▶ _SUPPLIED INFORMATION_:
........
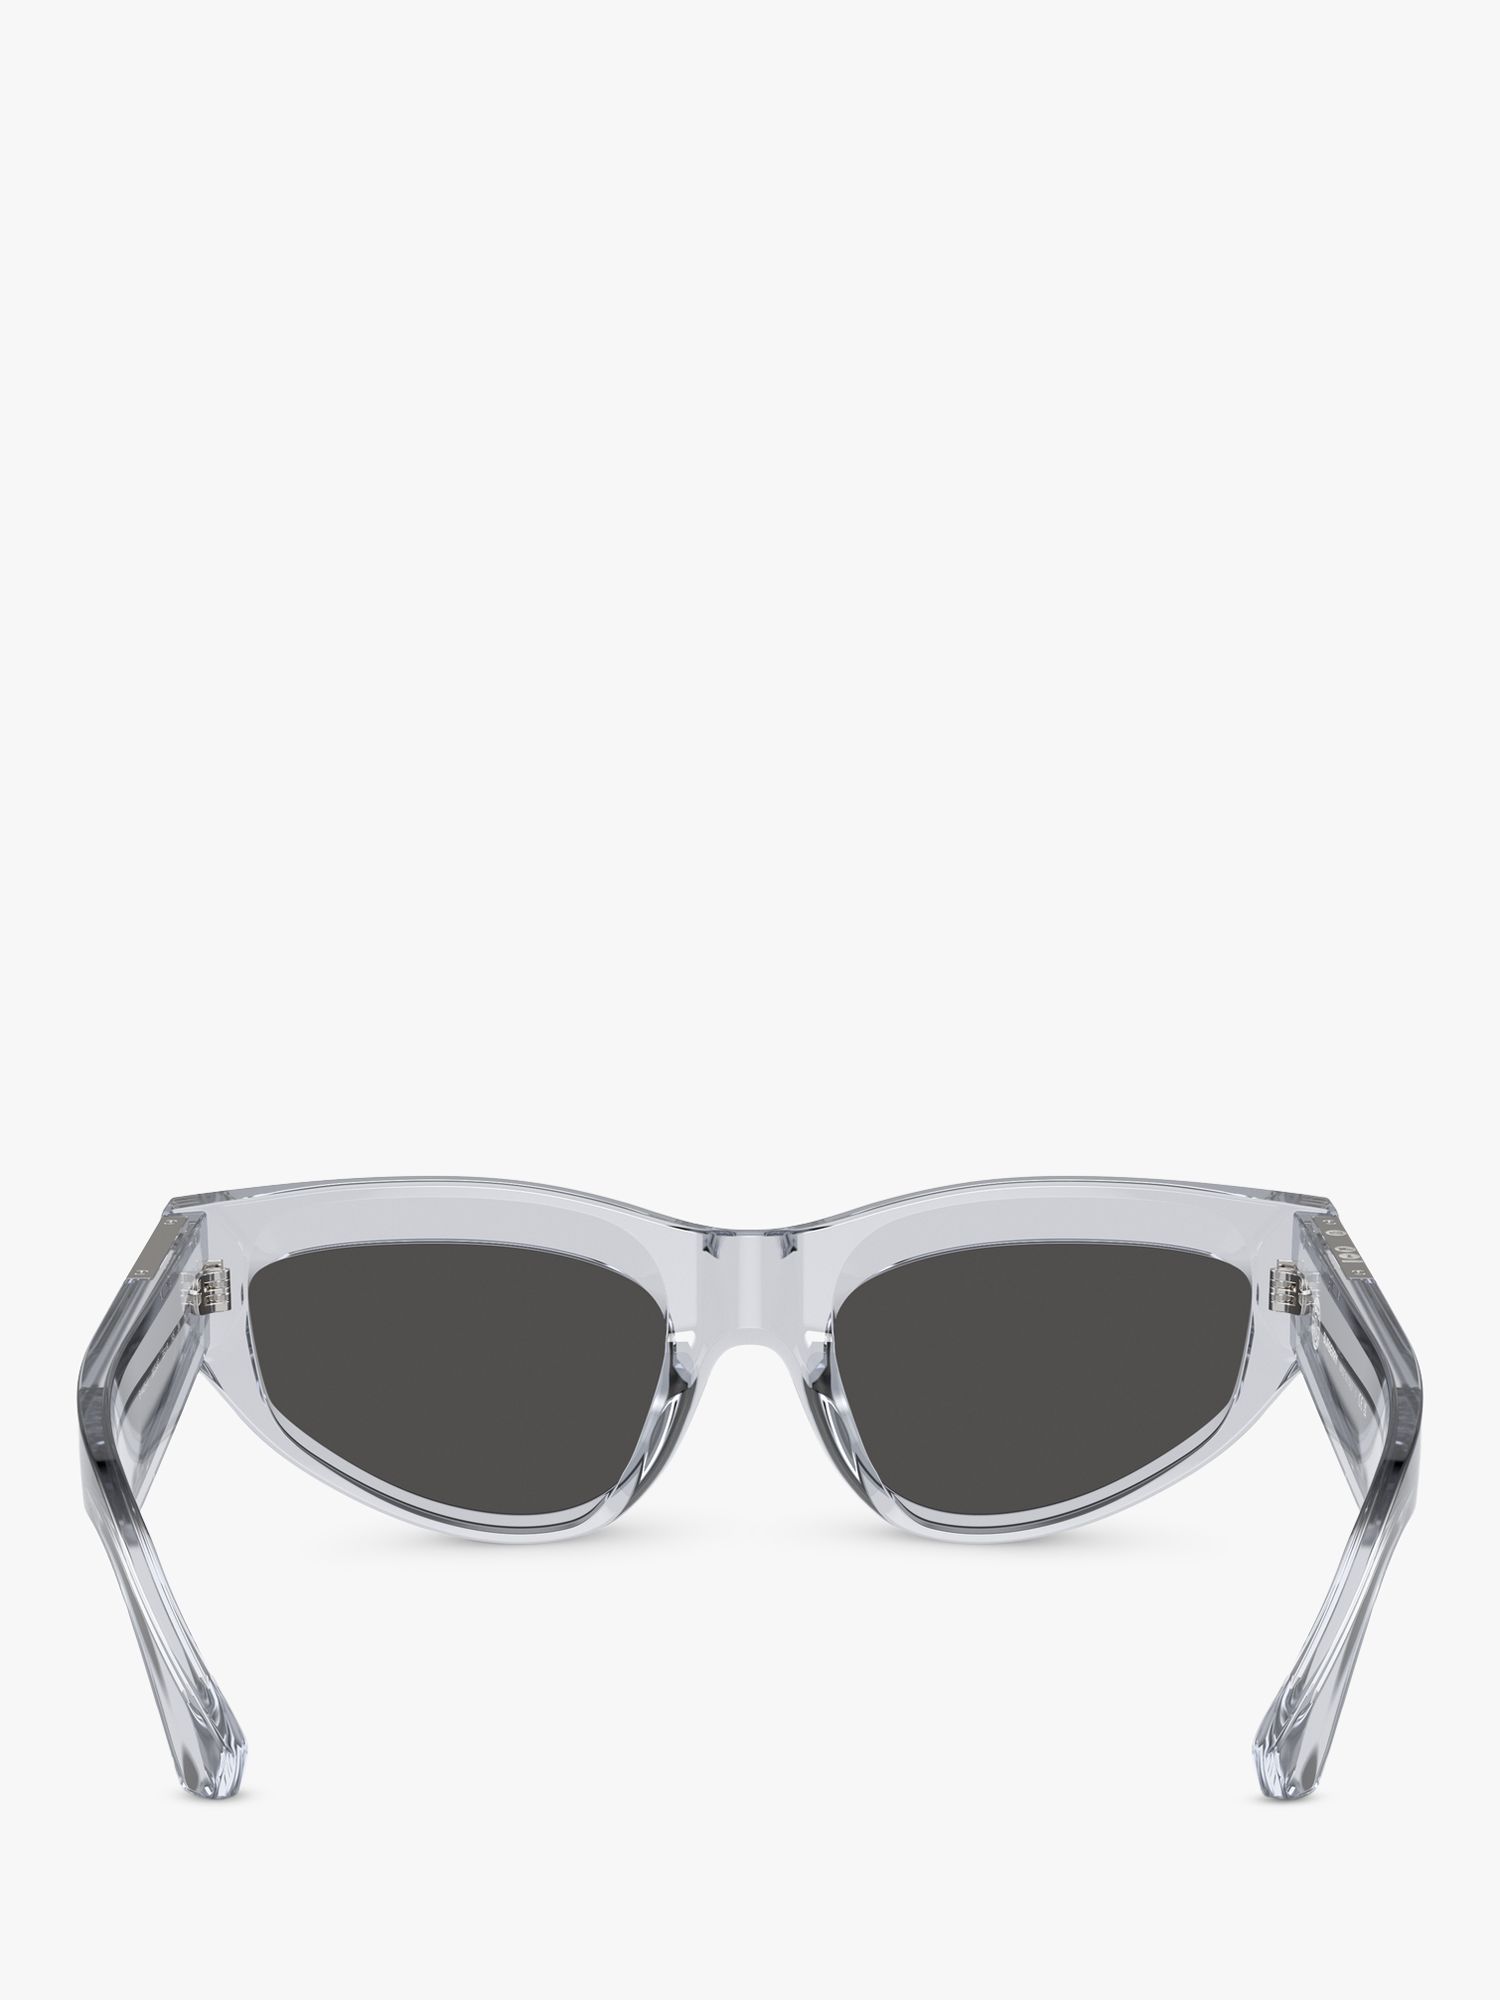 Buy Burberry BE4425U Women's Cat's Eye Sunglasses Online at johnlewis.com
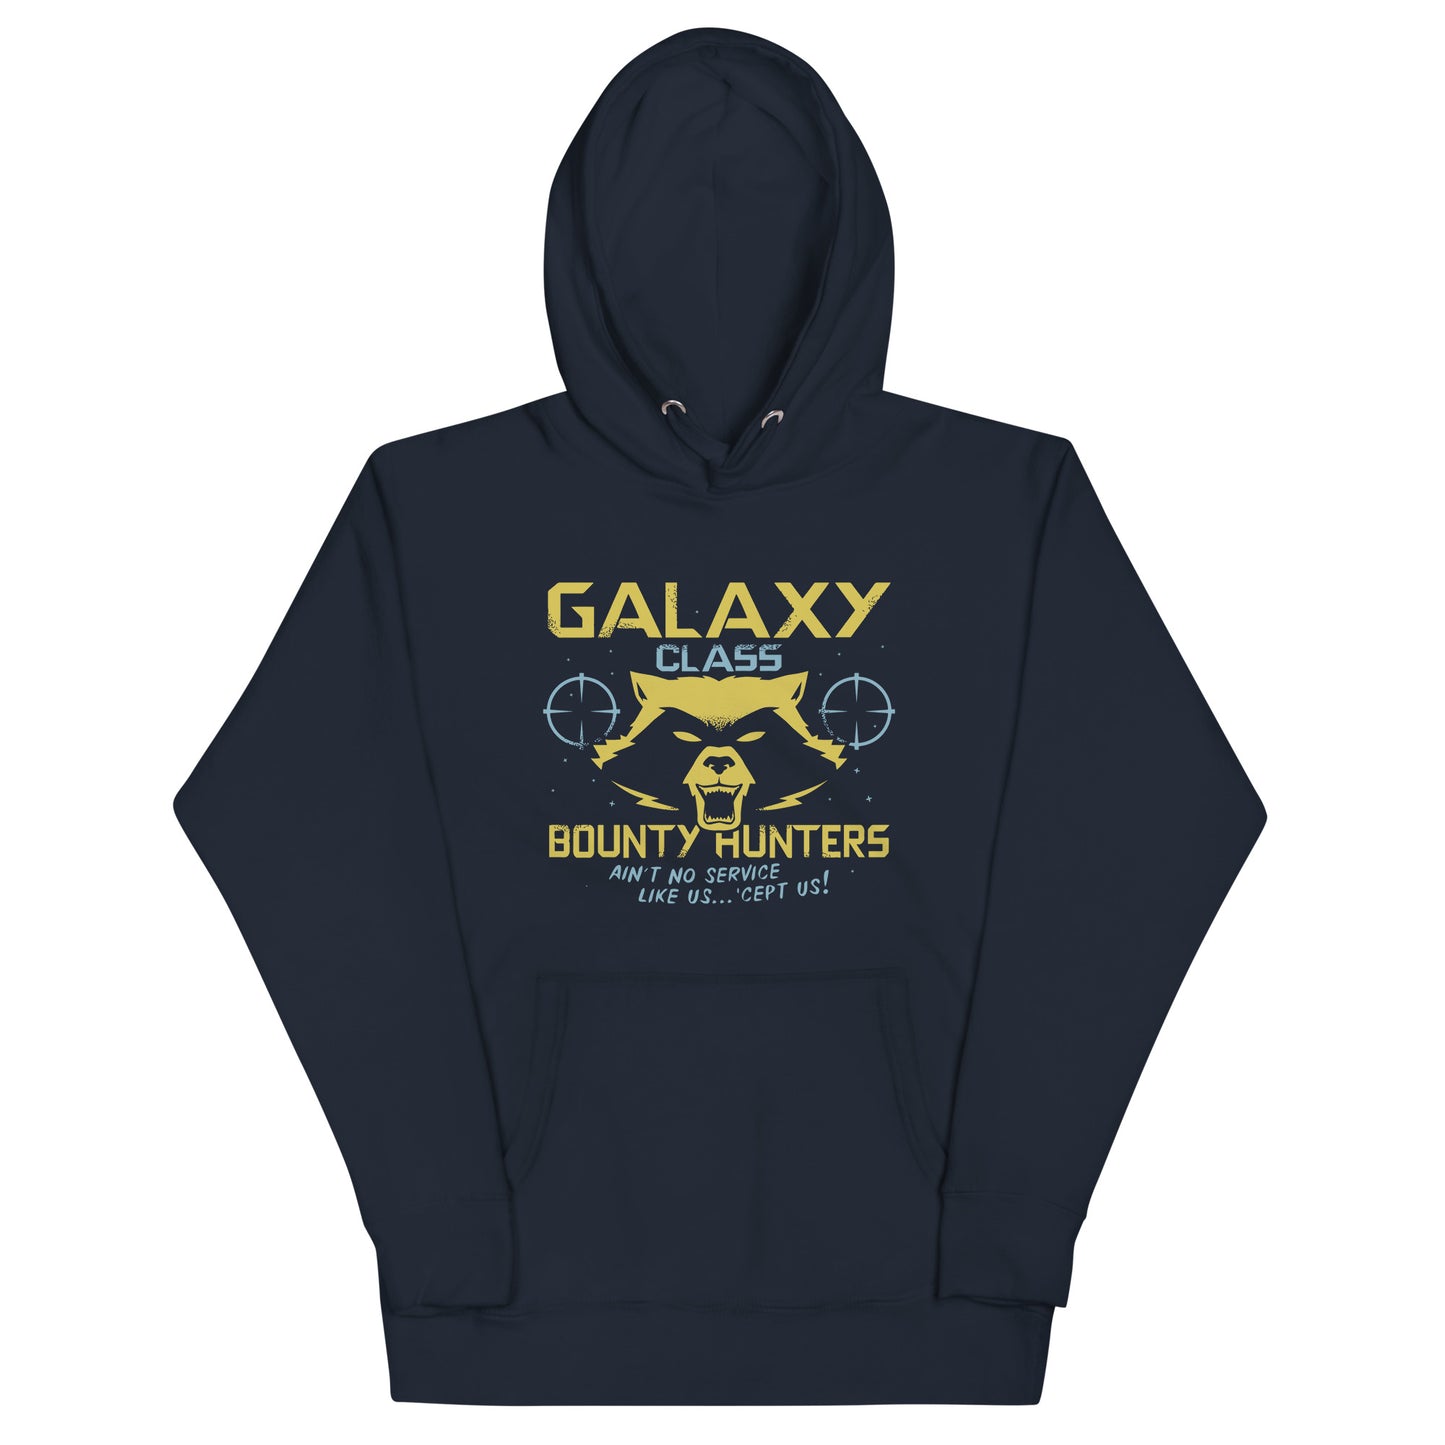 Galaxy Class Bounty Hunters Unisex Hoodie
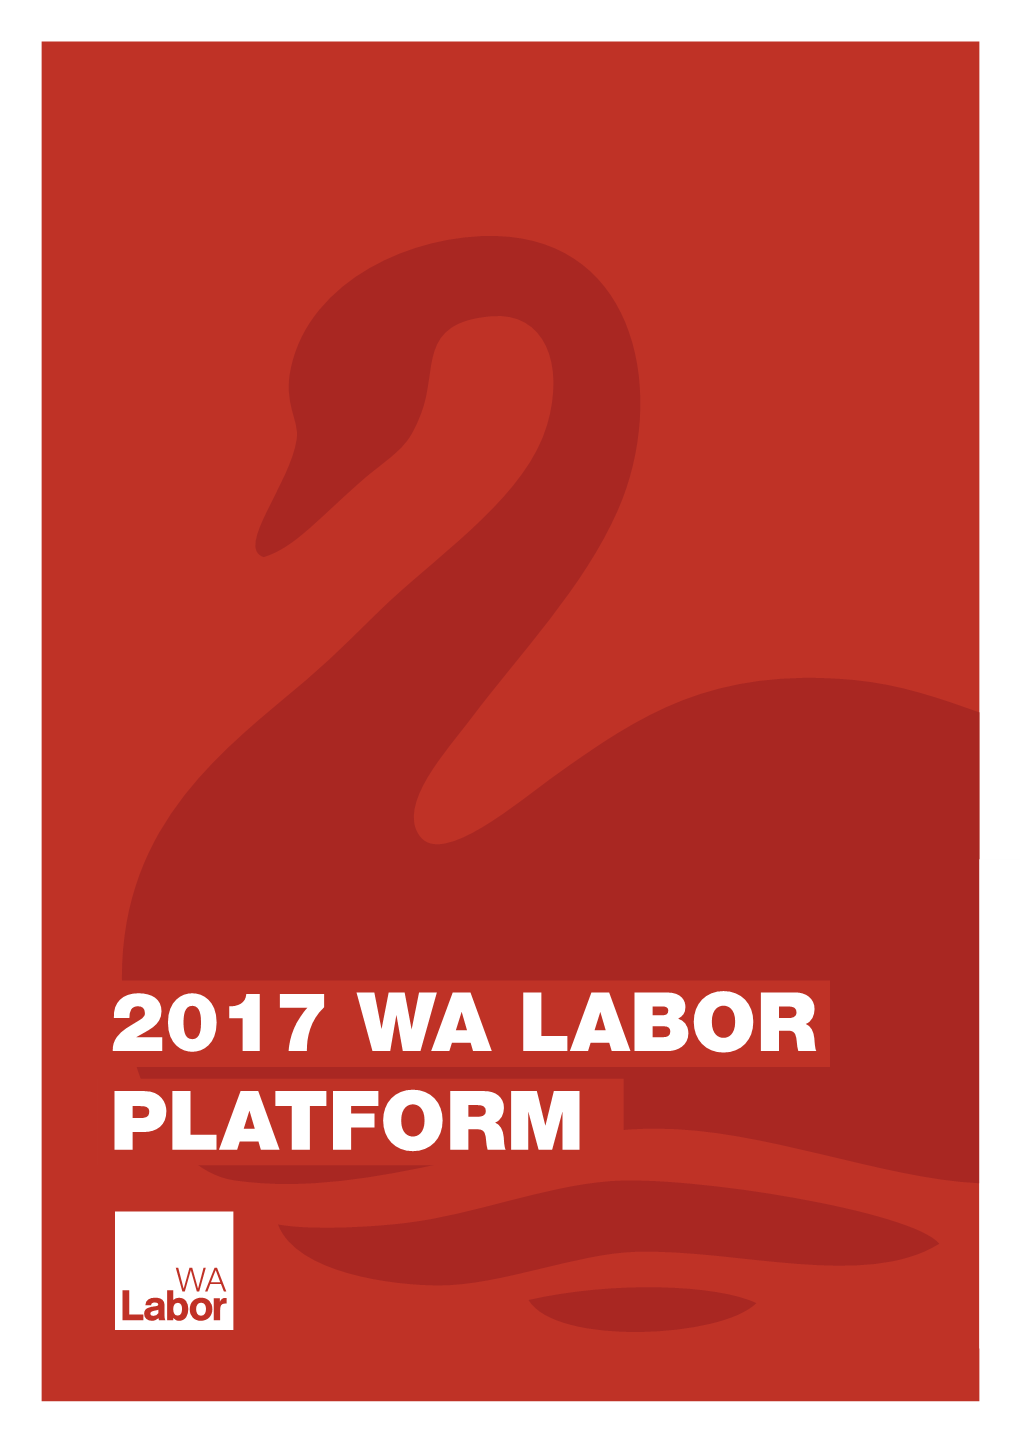 2017 Wa Labor Platform Contents
........
▶ _WHAT IS EXPECTED_:
An exact restatement is expected of the lines from the line containing "Galaxy Class Bounty Hunters Unisex Hoodie" to the end of the data above, pictures excluded.

▶ _FINAL ANSWER_:
 Galaxy Class Bounty Hunters Unisex Hoodie
 2017 Wa Labor Platform Contents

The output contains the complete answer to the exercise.